We call nlm_traverse_files, that hits the file we're just trying to lock, and
invokes nlmsvc_traverse_blocks, which will try to down f_sema once more.
And there it hangs...
The attched (untested) patch changes the way we do garbage collection
passes, instead of doing it inside nlm_lookup_host, nlm_gc_hosts is
called from the top-level service loop in lockd now, where we don'T hold any
locks. It looks saner anyway.
Comments?
Olaf
--
Olaf Kirch | --- o --- Nous sommes du soleil we love when we play
okir@suse.de | / | \ sol.dhoop.naytheet.ah kin.ir.samse.qurax
[-- Attachment #2: lockd-gc-deadlock --]
[-- Type: text/plain, Size: 2428 bytes --]
Index: linux-2.4.21/fs/lockd/host.c
===================================================================
--- linux-2.4.21.orig/fs/lockd/host.c 2005-02-10 10:58:25.000000000 +0100
+++ linux-2.4.21/fs/lockd/host.c 2005-03-10 20:44:43.000000000 +0100
@@ -34,7 +34,7 @@ static int nrhosts;
static DECLARE_MUTEX(nlm_host_sema);
-static void nlm_gc_hosts(void);
+static void __nlm_gc_hosts(void);
/*
* Find an NLM server handle in the cache. If there is none, create it.
@@ -94,9 +94,6 @@ nlm_lookup_host(struct svc_client *clnt,
/* Lock hash table */
down(&nlm_host_sema);
- if (time_after_eq(jiffies, next_gc))
- nlm_gc_hosts();
-
for (hp = &nlm_hosts[hash]; (host = *hp); hp = &host->h_next) {
if (proto && host->h_proto != proto)
continue;
@@ -273,7 +270,7 @@ nlm_shutdown_hosts(void)
}
/* Then, perform a garbage collection pass */
- nlm_gc_hosts();
+ __nlm_gc_hosts();
up(&nlm_host_sema);
/* complain if any hosts are left */
@@ -296,7 +293,7 @@ nlm_shutdown_hosts(void)

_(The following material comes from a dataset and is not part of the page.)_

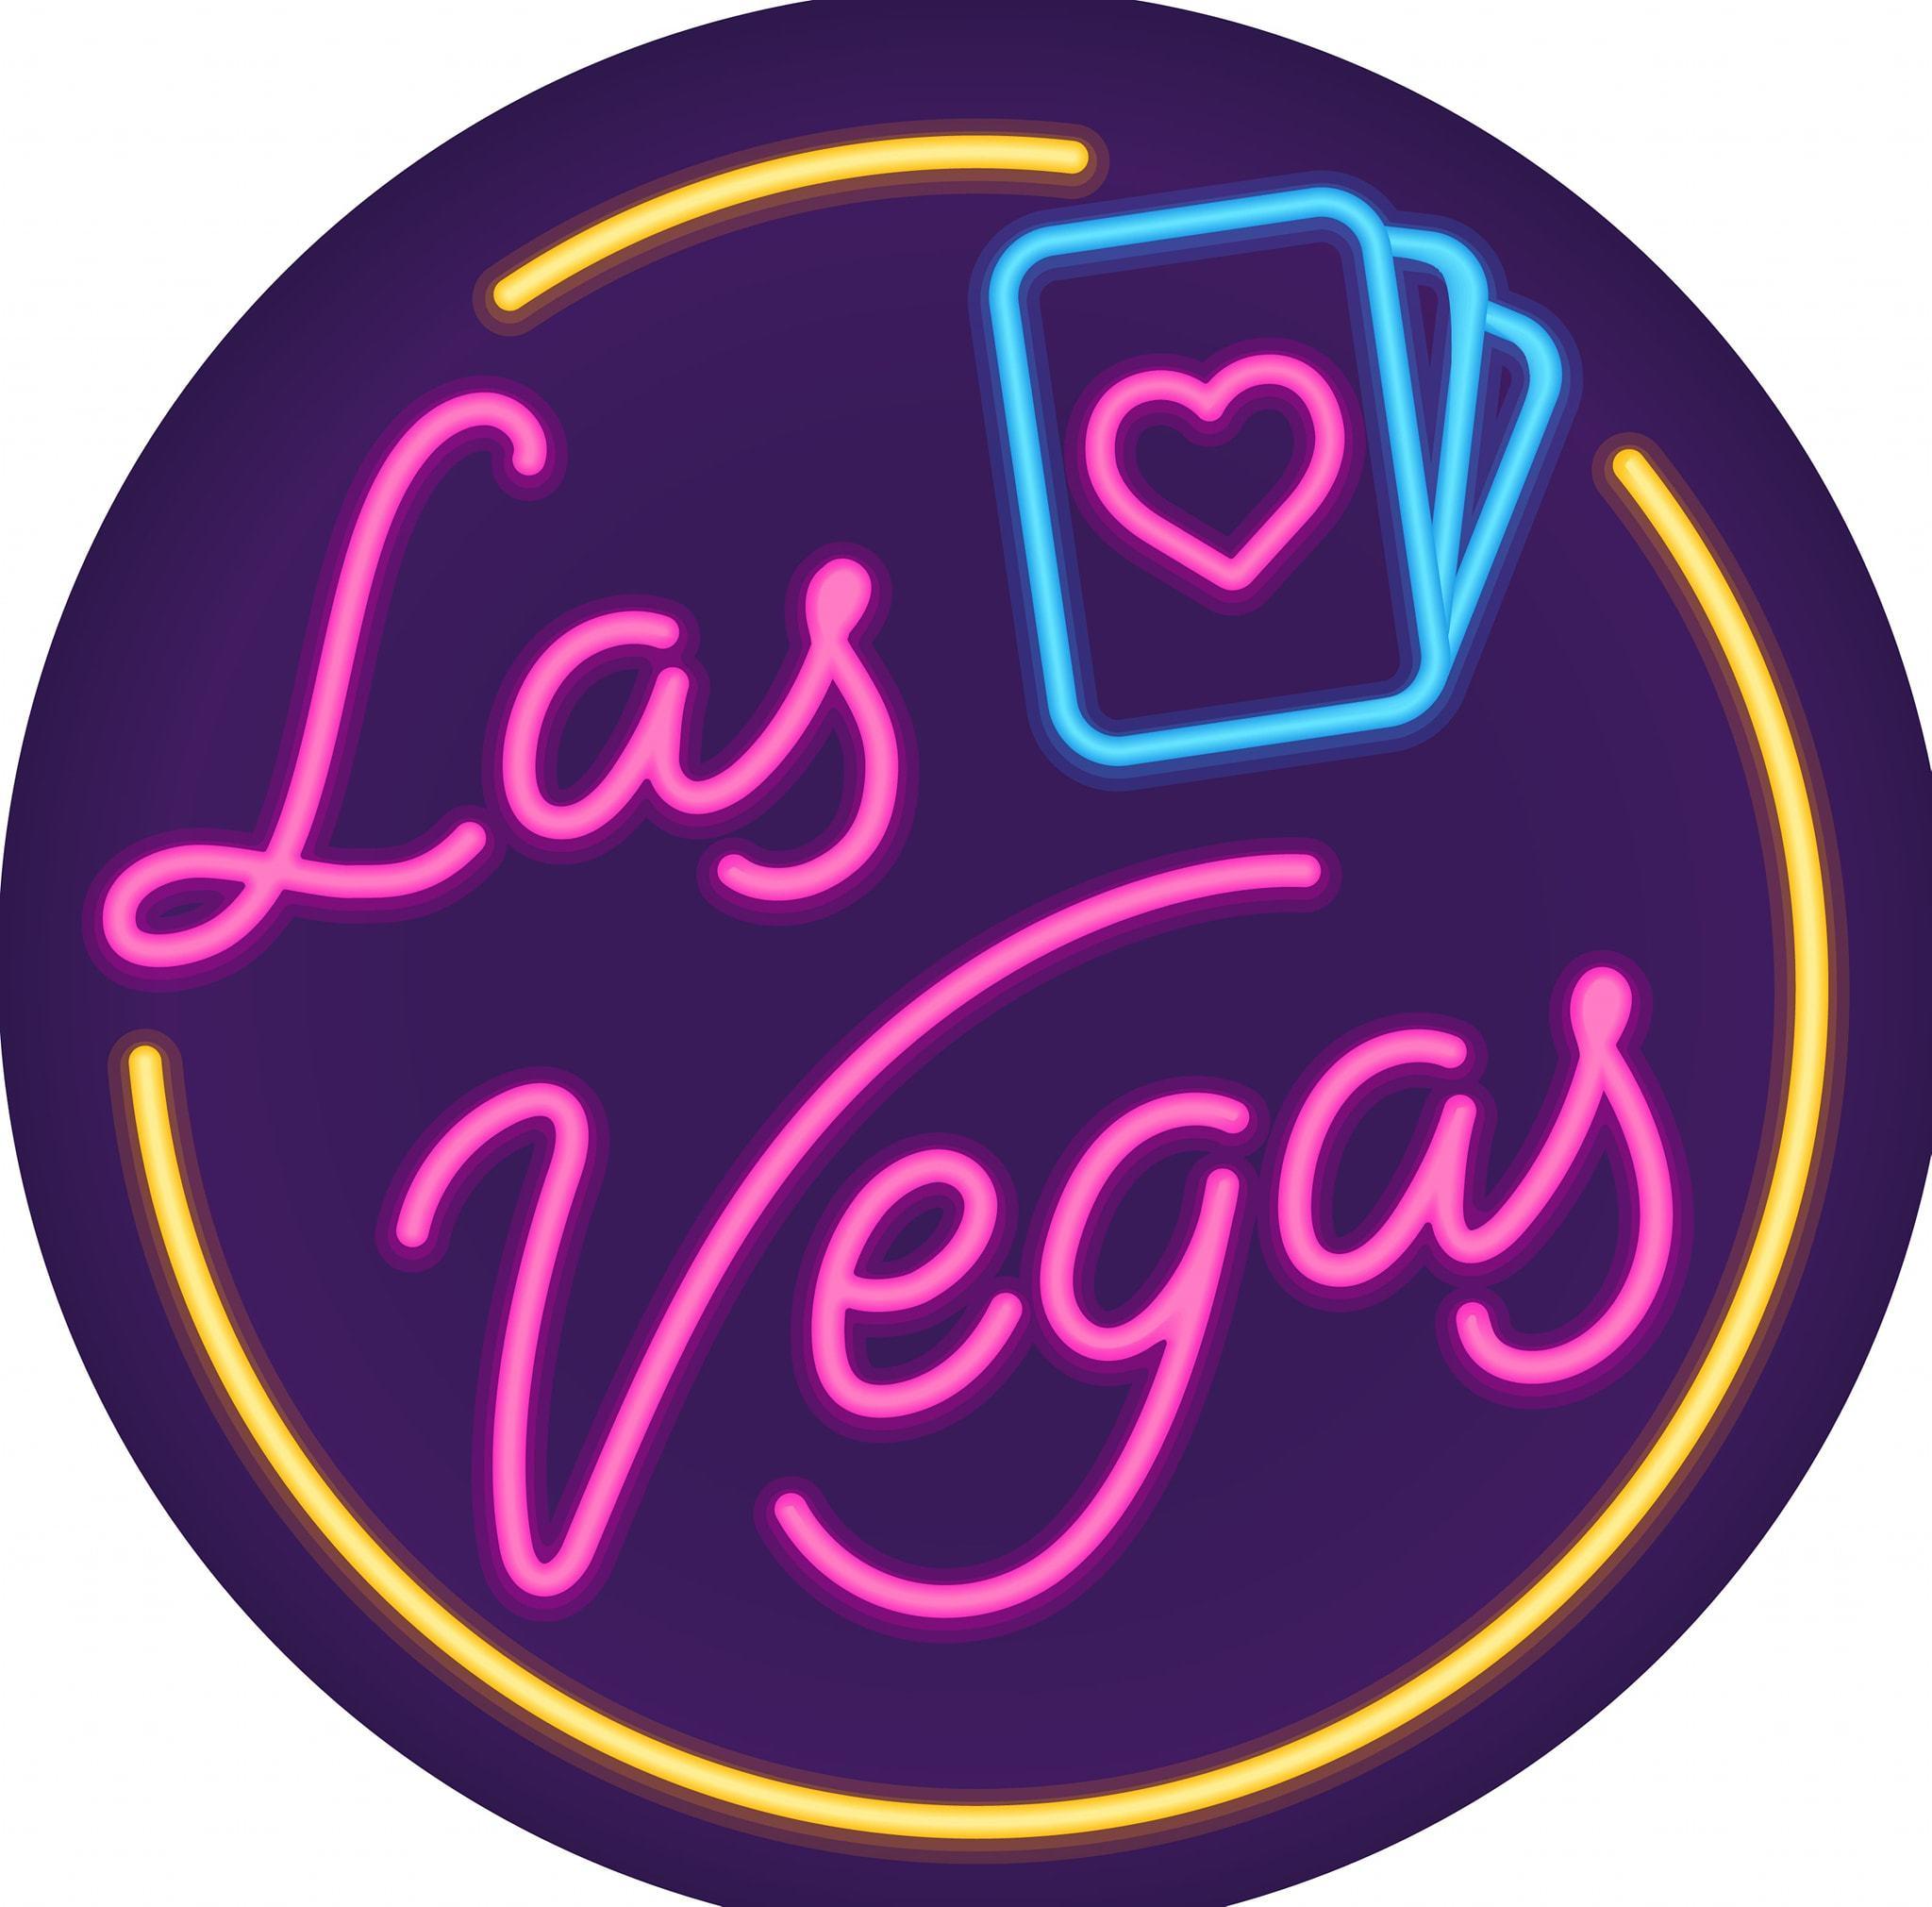 Las Vegas Night Club logo
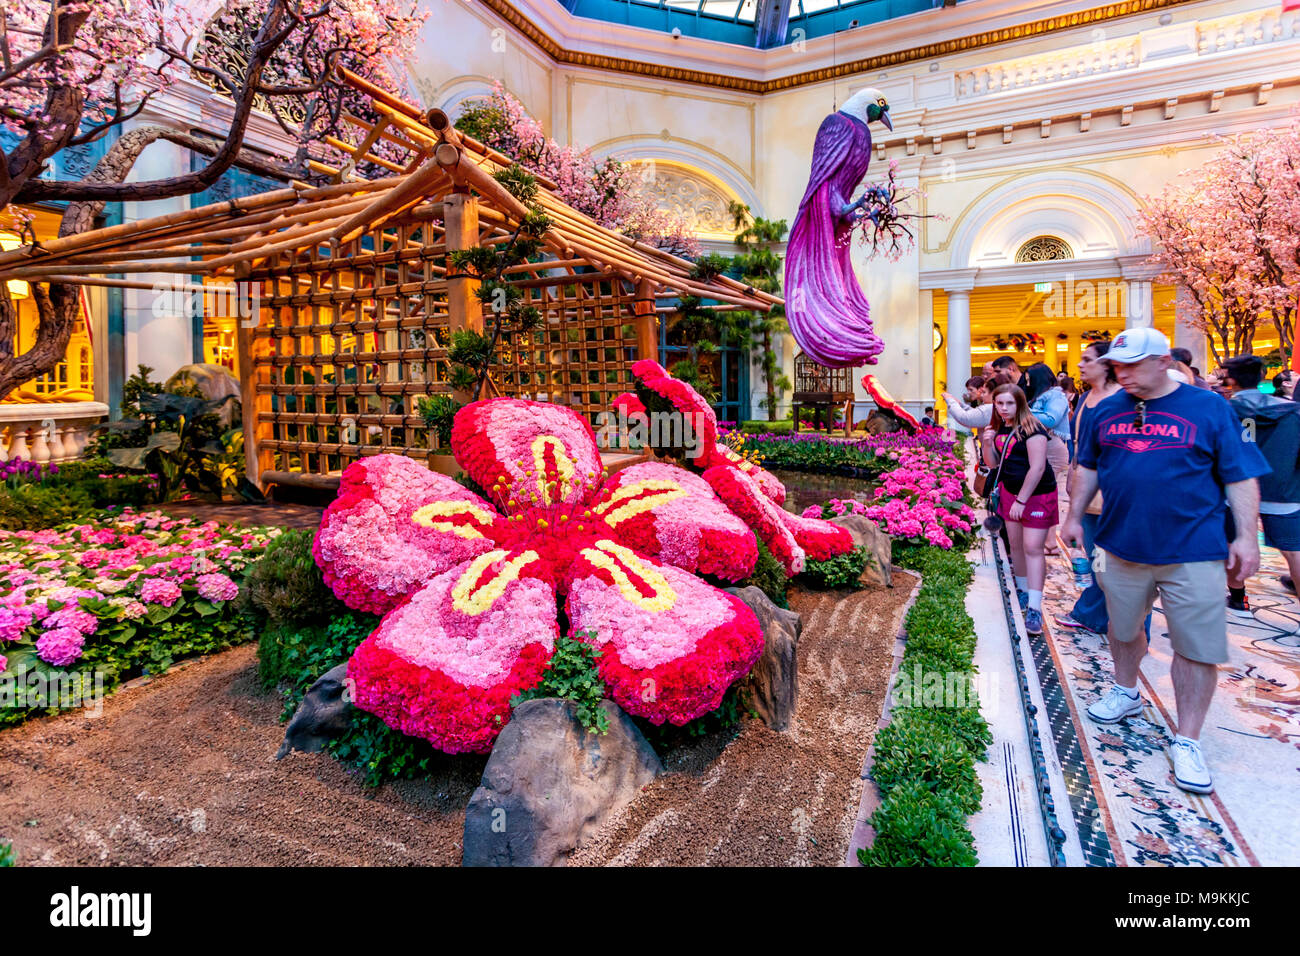 The Japenese spring display at The Bellagio, Las Vegas, Navarda, U.S.A. Stock Photo

* mark & sweep for resources held by remote clients.
*/
static void
-nlm_gc_hosts(void)
+__nlm_gc_hosts(void)
{
struct nlm_host **q, *host;
struct rpc_clnt *clnt;
@@ -341,3 +338,12 @@ nlm_gc_hosts(void)
next_gc = jiffies + NLM_HOST_COLLECT;
}
+void
+nlm_gc_hosts()
+{
+ down(&nlm_host_sema);
+ if (time_after_eq(jiffies, next_gc))
+ __nlm_gc_hosts();
+ up(&nlm_host_sema);
+}
+
Index: linux-2.4.21/fs/lockd/svc.c
===================================================================
--- linux-2.4.21.orig/fs/lockd/svc.c 2005-02-10 10:57:58.000000000 +0100
+++ linux-2.4.21/fs/lockd/svc.c 2005-03-10 20:45:53.000000000 +0100
@@ -154,6 +154,9 @@ lockd(struct svc_rqst *rqstp)
break;
}
+ /* Perform hosts cache garbage collection */
+ nlm_gc_hosts();
+
dprintk("lockd: request from %08x\n",
(unsigned)ntohl(rqstp->rq_addr.sin_addr.s_addr));
Index: linux-2.4.21/include/linux/lockd/lockd.h
===================================================================
--- linux-2.4.21.orig/include/linux/lockd/lockd.h 2005-02-10 10:57:37.000000000 +0100
+++ linux-2.4.21/include/linux/lockd/lockd.h 2005-03-10 20:43:10.000000000 +0100
@@ -150,6 +150,7 @@ void nlm_rebind_host(struct nlm_host
struct nlm_host * nlm_get_host(struct nlm_host *);
void nlm_release_host(struct nlm_host *);
void nlm_shutdown_hosts(void);
+void nlm_gc_hosts(void);
/*
* Server-side lock handling
next reply other threads:[~2005-03-10 20:44 UTC|newest]
Thread overview: 3+ messages / expand[flat|nested] mbox.gz Atom feed top
2005-03-10 20:44 Olaf Kirch [this message]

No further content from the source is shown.